Of all the entries below, retype only the lines from the one with "Pánská sportovní obuv" through the one with "Nadia Briselle Lopez Francisco", exactly as they appear.

*Task data*
━━━━━━━━━━

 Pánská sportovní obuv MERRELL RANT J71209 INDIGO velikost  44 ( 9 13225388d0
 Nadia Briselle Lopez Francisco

━━━━━━━━━━

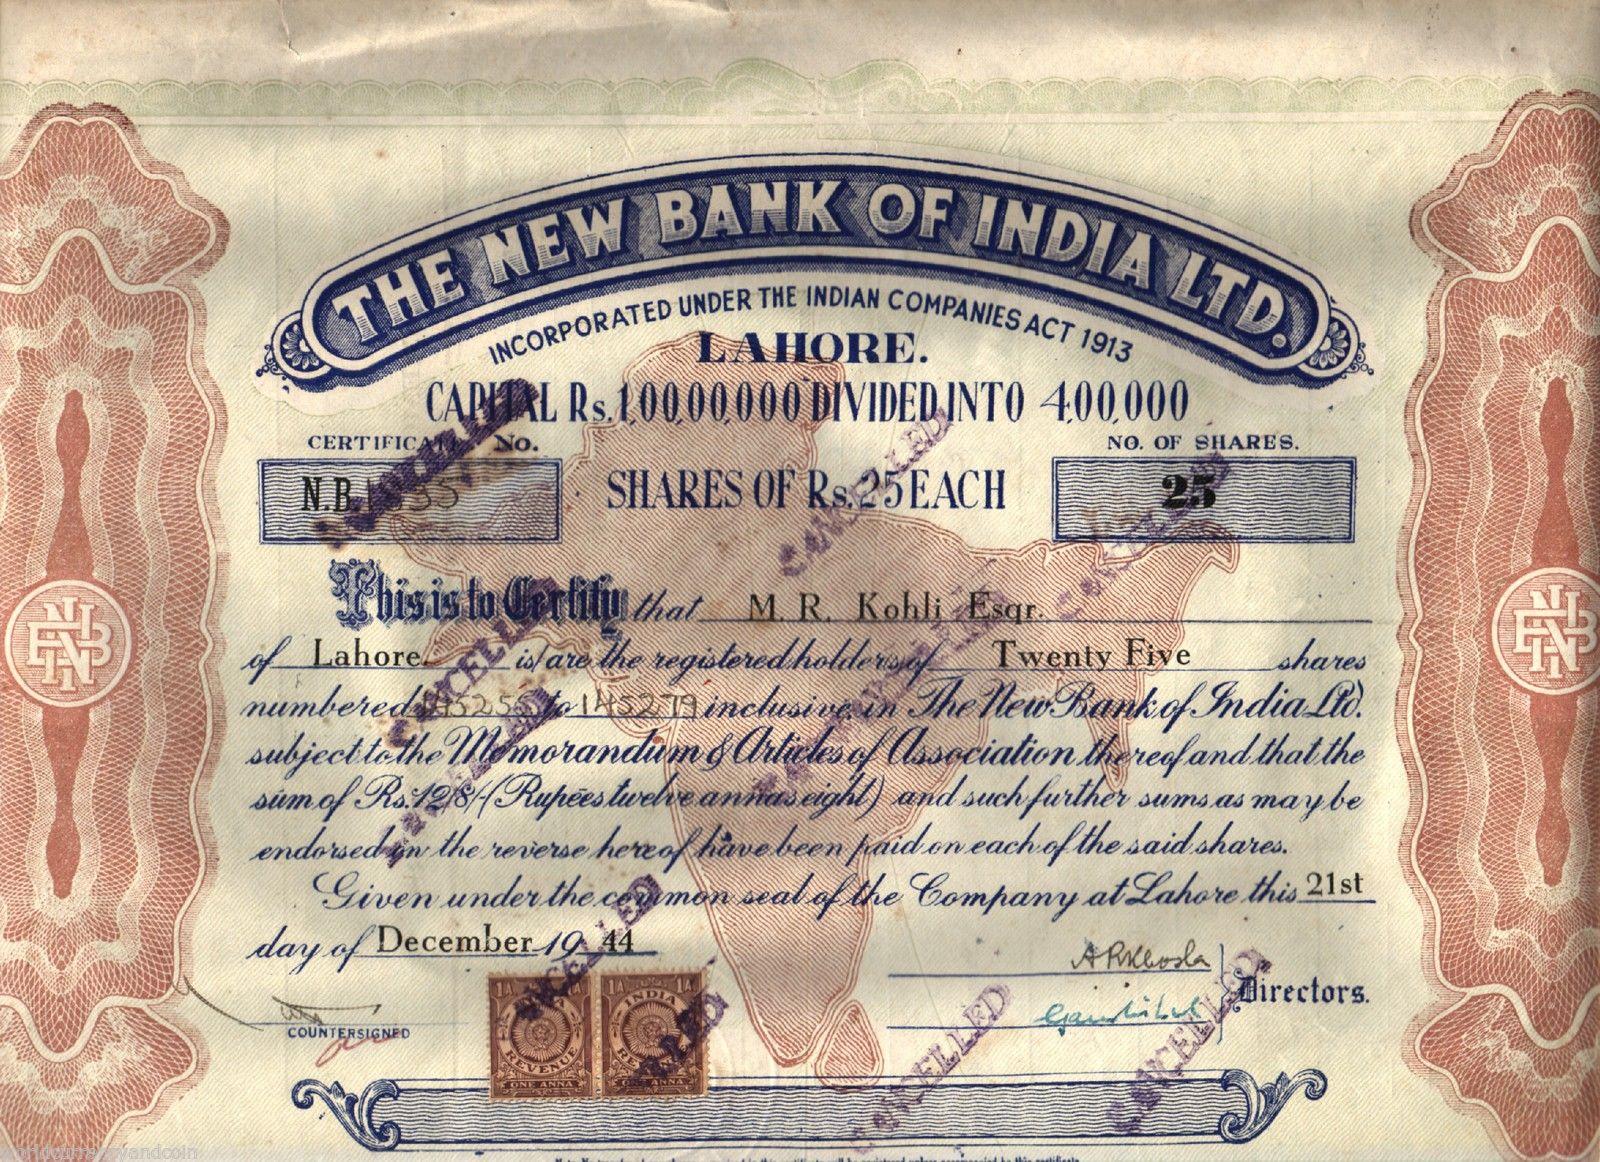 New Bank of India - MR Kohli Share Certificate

━━━━━━━━━━

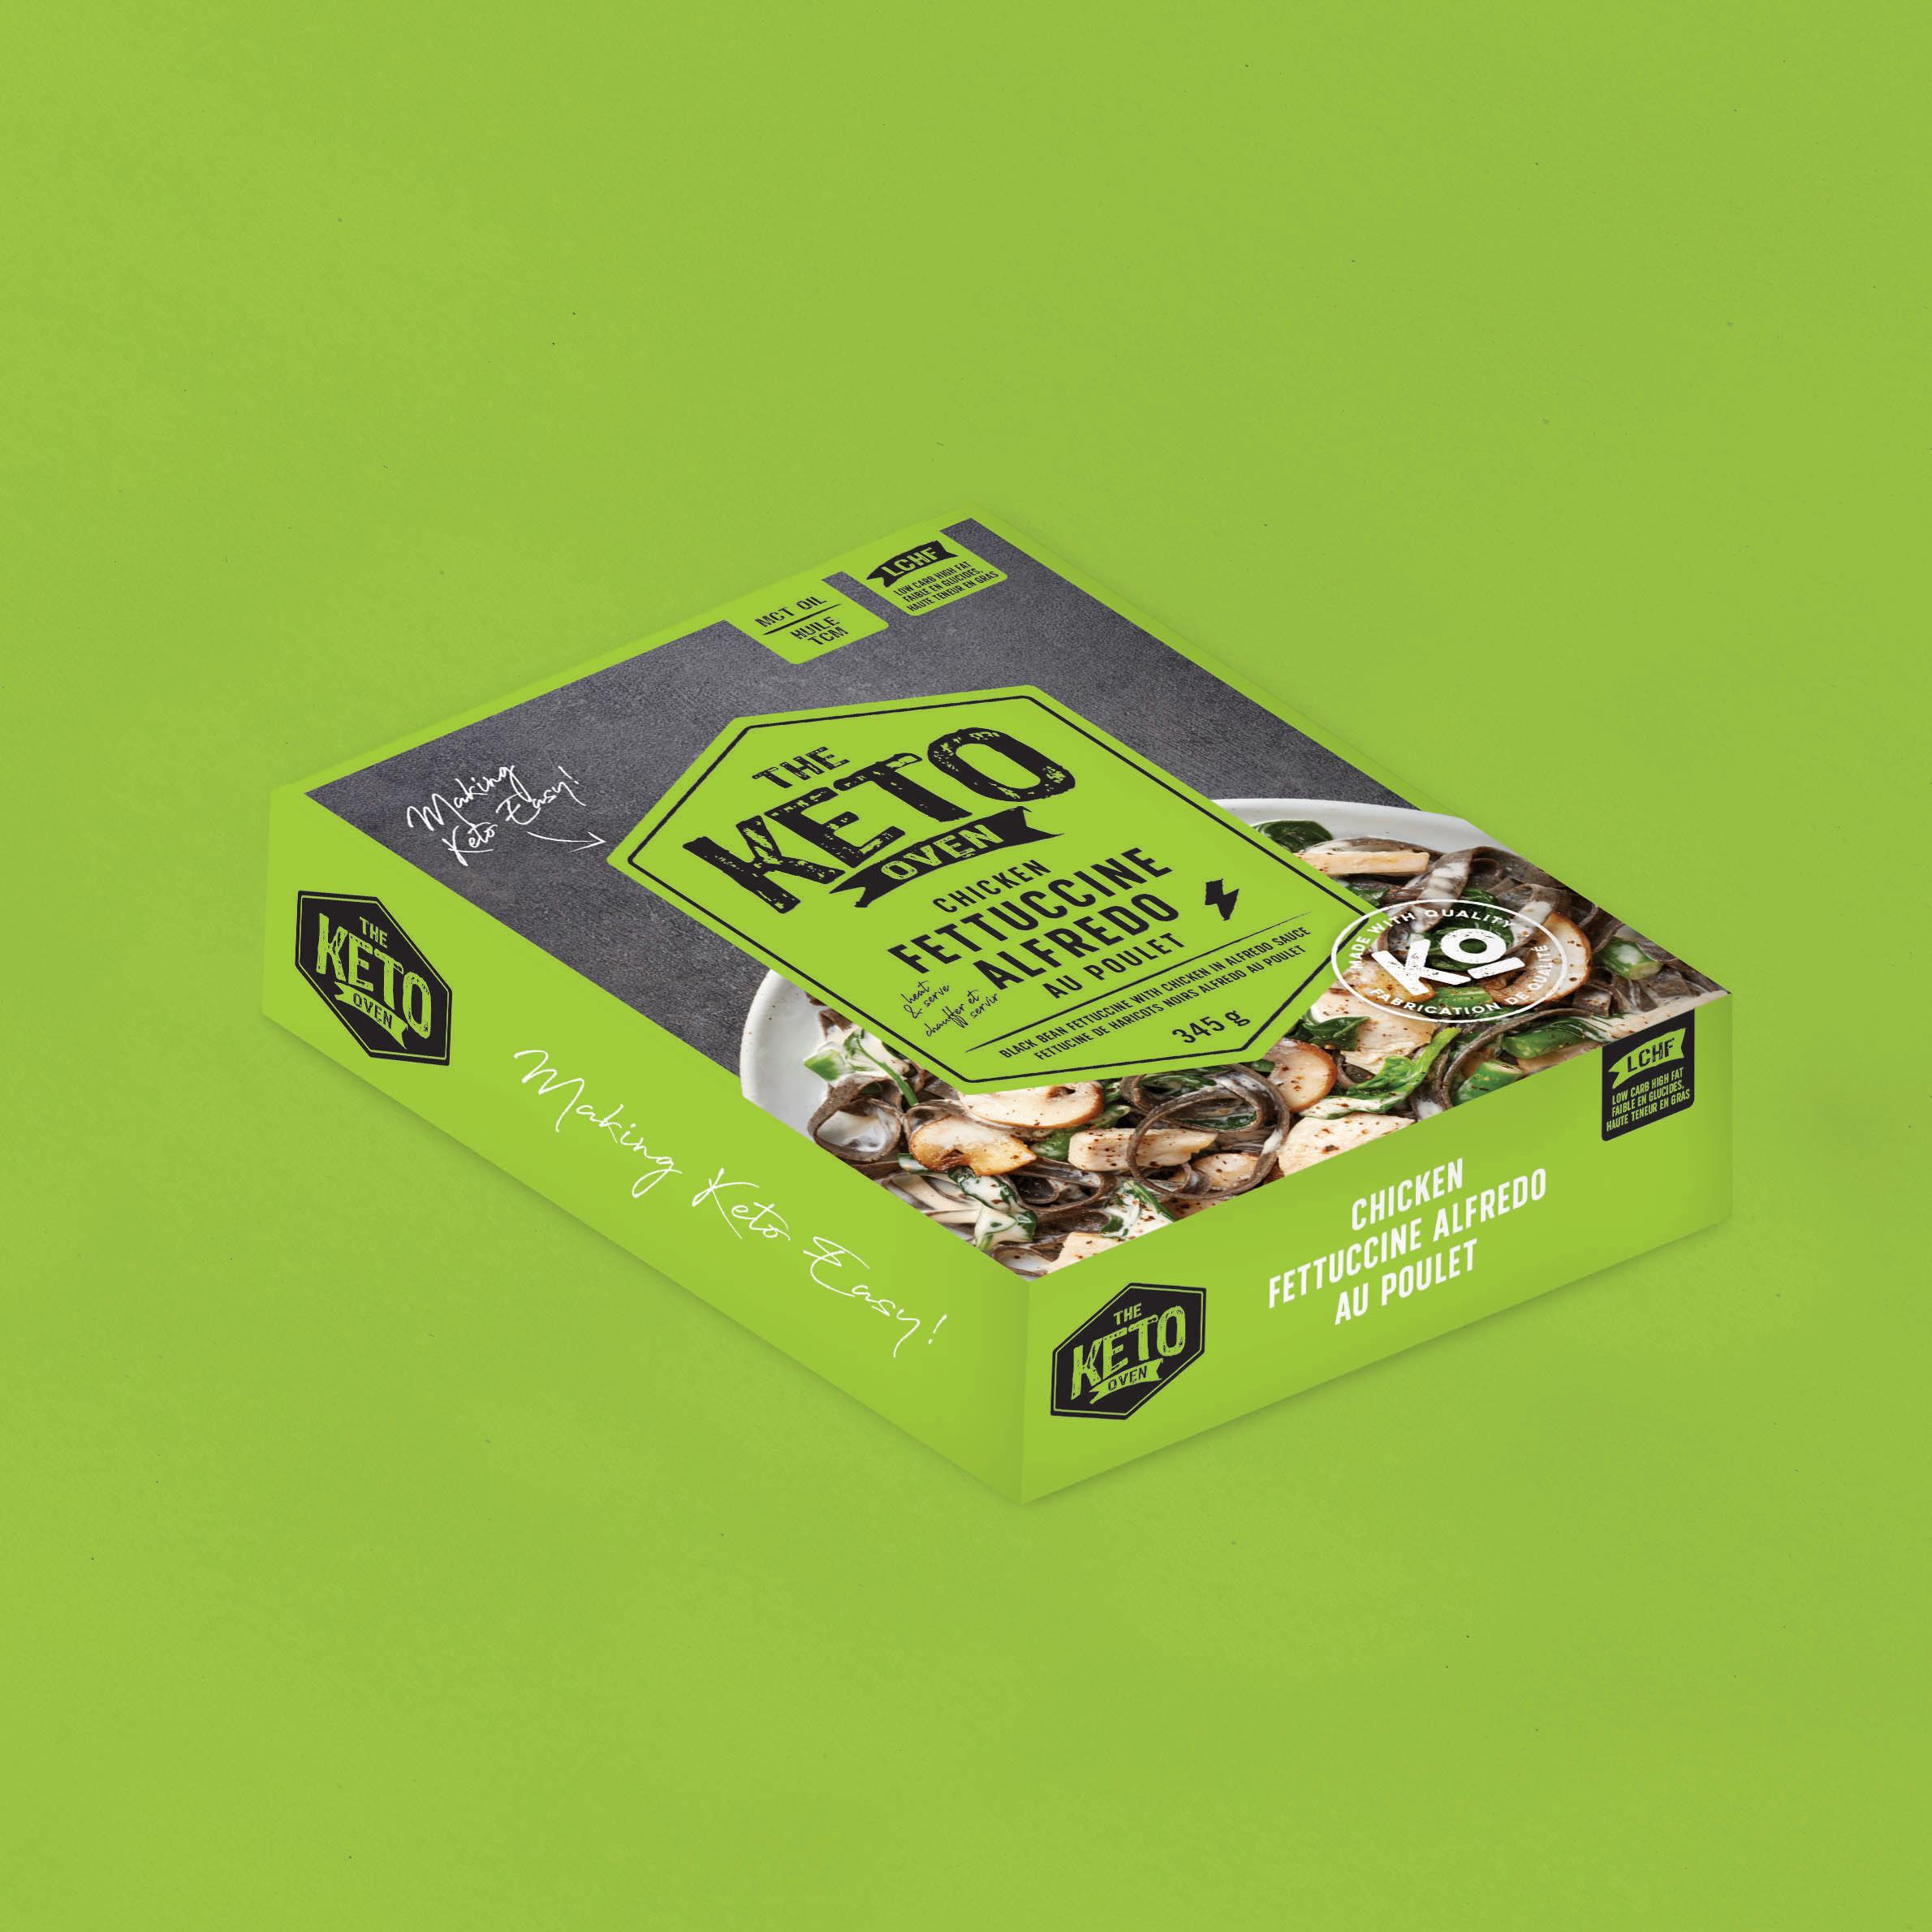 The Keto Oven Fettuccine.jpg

━━━━━━━━━━

*Exercise solution*
 Pánská sportovní obuv MERRELL RANT J71209 INDIGO velikost  44 ( 9 13225388d0
 Nadia Briselle Lopez Francisco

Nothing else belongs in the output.